During the late 17th and early 18th centuries poor children from England and France were kidnapped and sold into indentured labor in the Caribbean for a minimum of five years, but most times their contracts were bought and sold repeatedly and some laborers never attained their freedom.

Our modern version has several elements, particularly since the industrial age began.
Indebtedness is a bondage, encouraged and enforced by western culture.  Particularly for students, the legally enforced obligation of debt confines the individual to a narrow path of employment and availability in the workforce, usually for decades.  (Student debt tops $1.2 trillion, more than all credit card and auto loans combined.)  When you're dealing with millions of workers, the averages play out pretty impressively for the finance industry and the wealthy.

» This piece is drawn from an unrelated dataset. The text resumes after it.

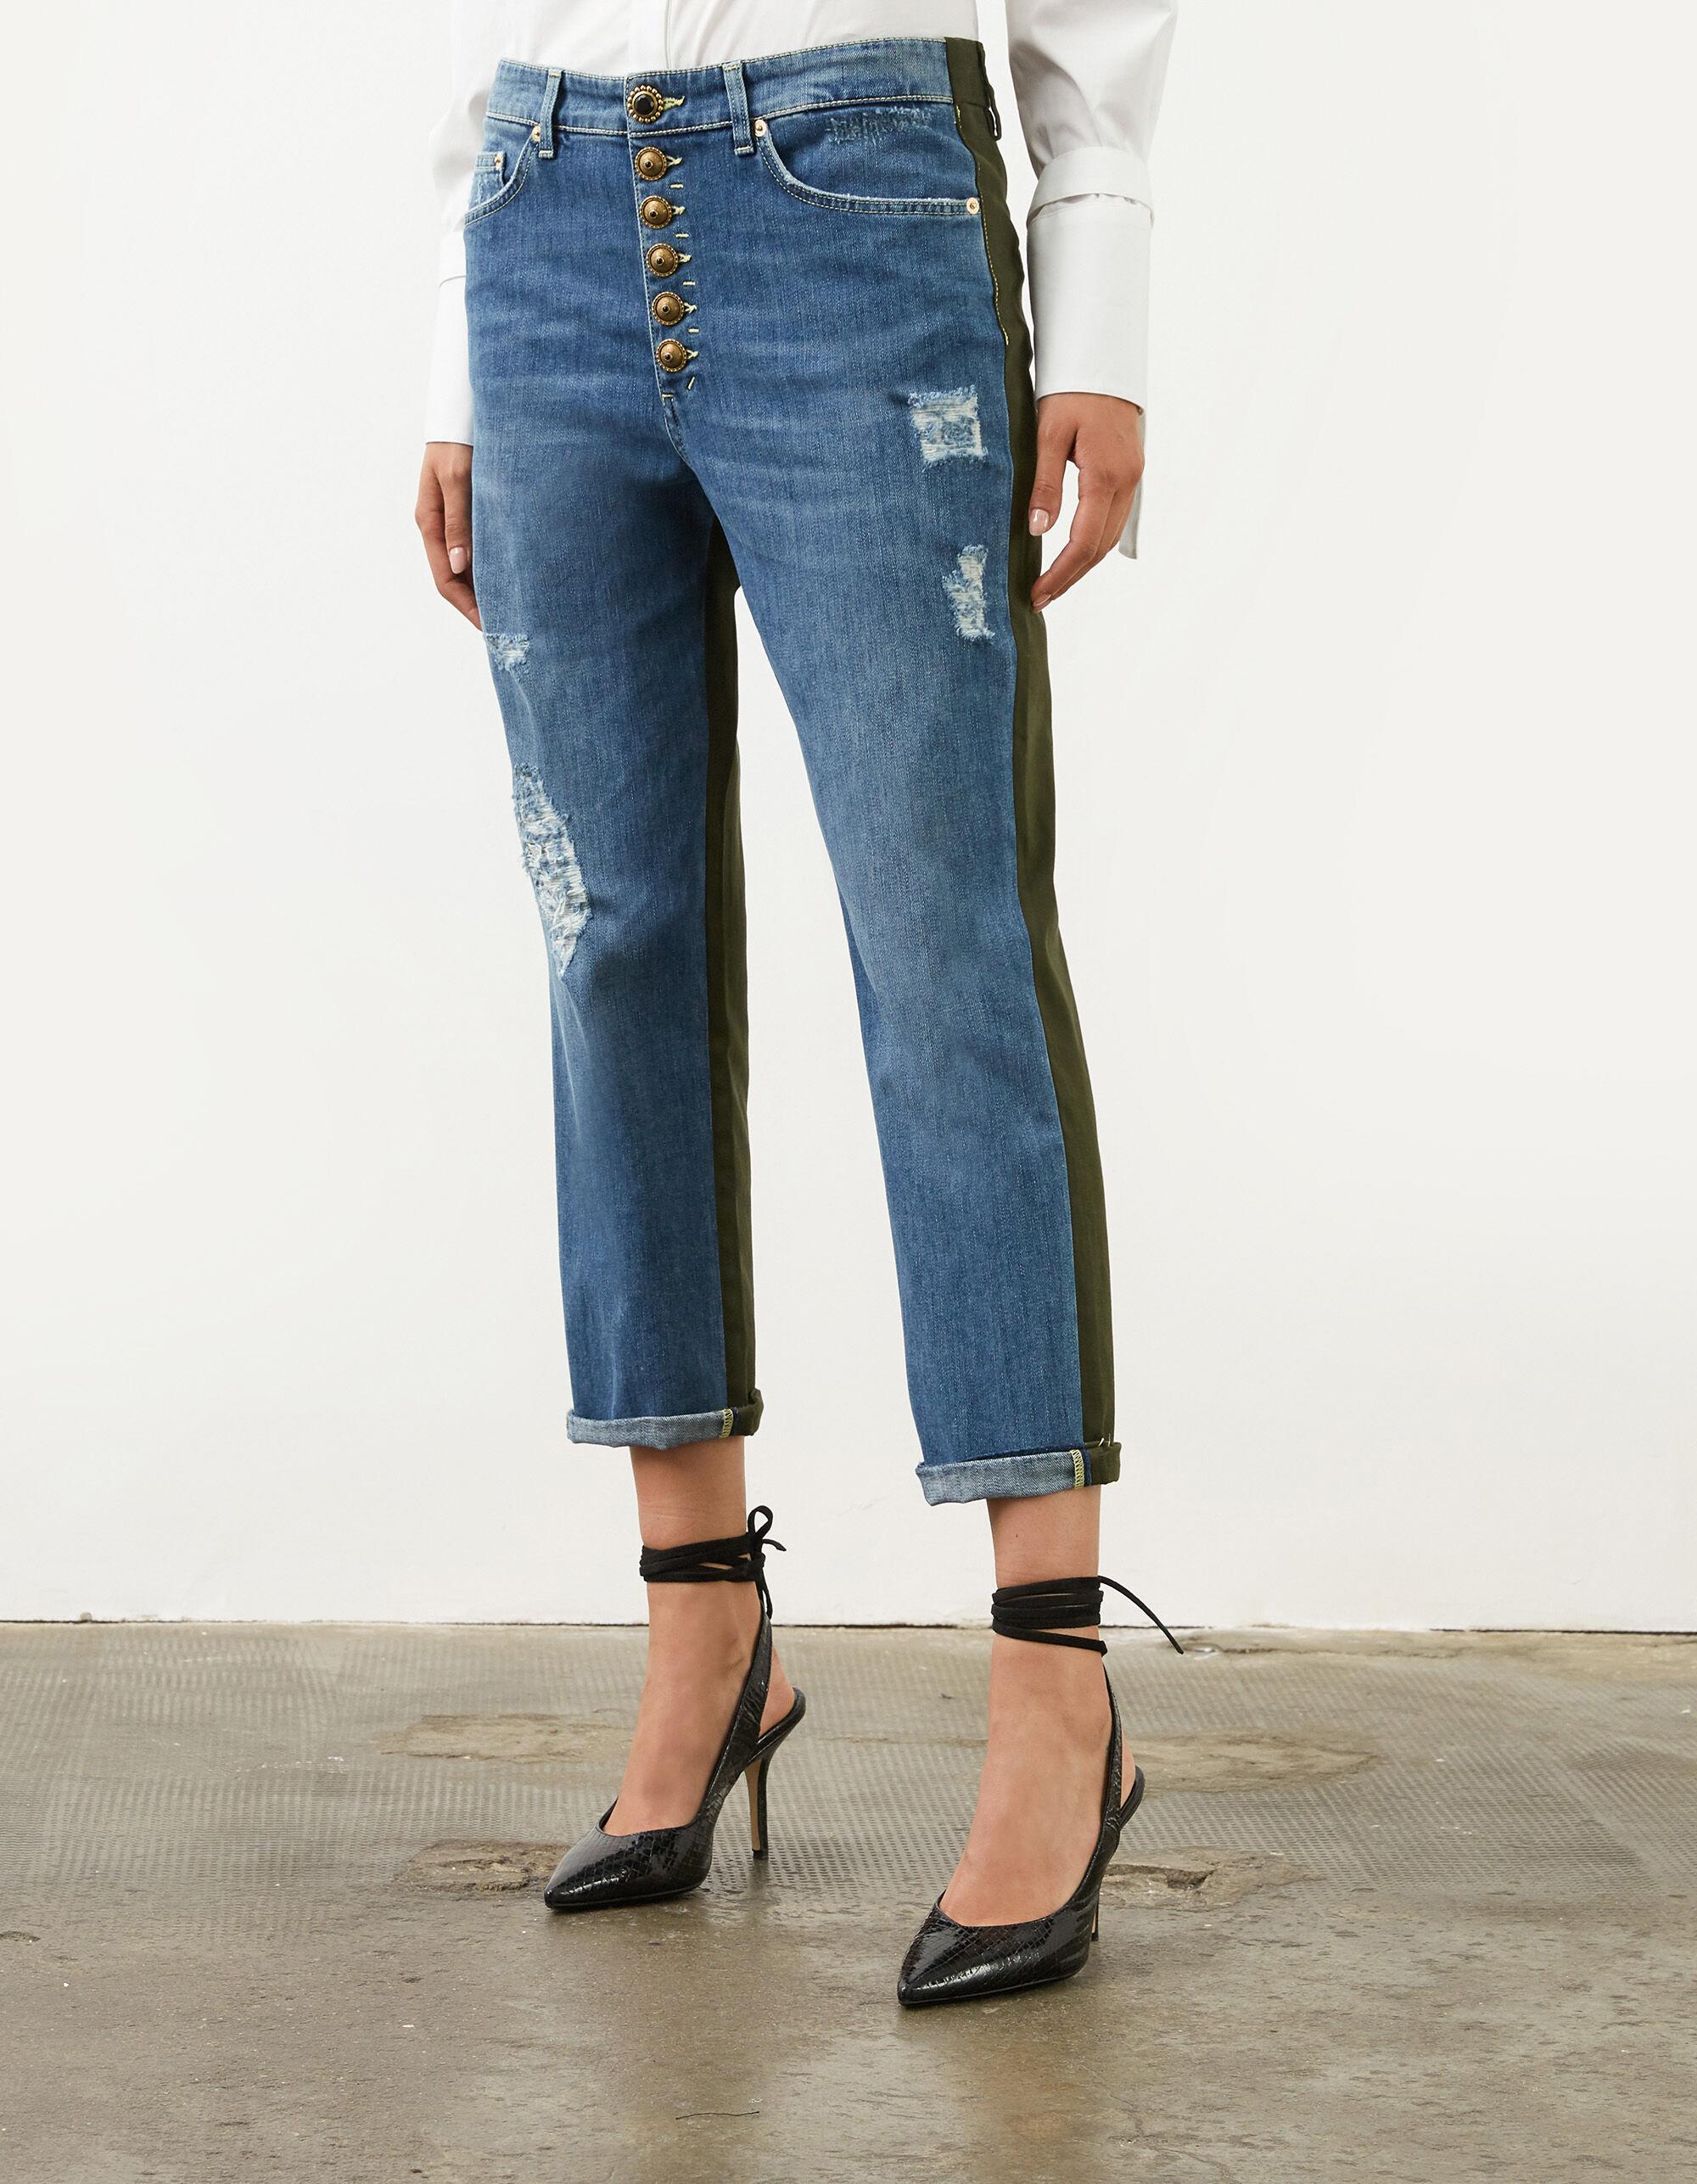 Loose Koons jeans in denim and gabardine - Dondup

Wages were tied to productivity for 25 years following WWII.  In college economics, we
were taught that the two were tied by economic law, and that if they deviated, marketplace
response would force them back together.  They couldn't separate.  All that ended by the 70's
when corporations began to extract wealth specifically for the benefit of the few.  Executive
wages increased radically while labor pay rates stalled for the next half-century.  The financial
industry was turned loose to continue the wealth extraction.  Deregulation made the theft legal,
and Wall Street has extracted trillions from the economy's productivity without a penny going
 to the workers who provide it all.
Minimum wage traps unskilled workers in poor working conditions and inadequate support for a healthy life.  At first, after the plague in Europe had decimated the population and labor was in short supply, maximum wages were set to control costs for the benefit of the wealthy.  Later minimum wages were set to provide a 'living wage'.  If the U.S. minimum wage had kept pace with worker productivity, it would be more than double the current rate.

Poverty, we know, is not something anyone chooses; it's done to you.

The big players these days are the 0.01% richest folks.  Economic warfare, rather poorly disguised in the west as free market capitalism, has formalized the process by which the super-rich advance at the expense of the indentured many.  The war is now global as financial institutions extract the wealth of developing nations.  Governments serve the wealthy and the gap widens.

Freedom is not the power to rise on the backs of others.
Freedom is not the chance to get ahead and leave others behind.
The full declaration is a world-changer.

"THE SPIRIT OF THE LORD IS UPON ME, BECAUSE HE ANOINTED ME TO PREACH THE GOSPEL TO THE POOR. HE HAS SENT ME TO PROCLAIM RELEASE TO THE CAPTIVES, AND RECOVERY OF SIGHT TO THE BLIND, TO SET FREE THOSE WHO ARE OPPRESSED, TO PROCLAIM THE FAVORABLE YEAR OF THE LORD." 

The triumph of freedom is not a war's victory of one people or ideology over another ... that which we have isn't real freedom.  It's just a taste, and there's more to come.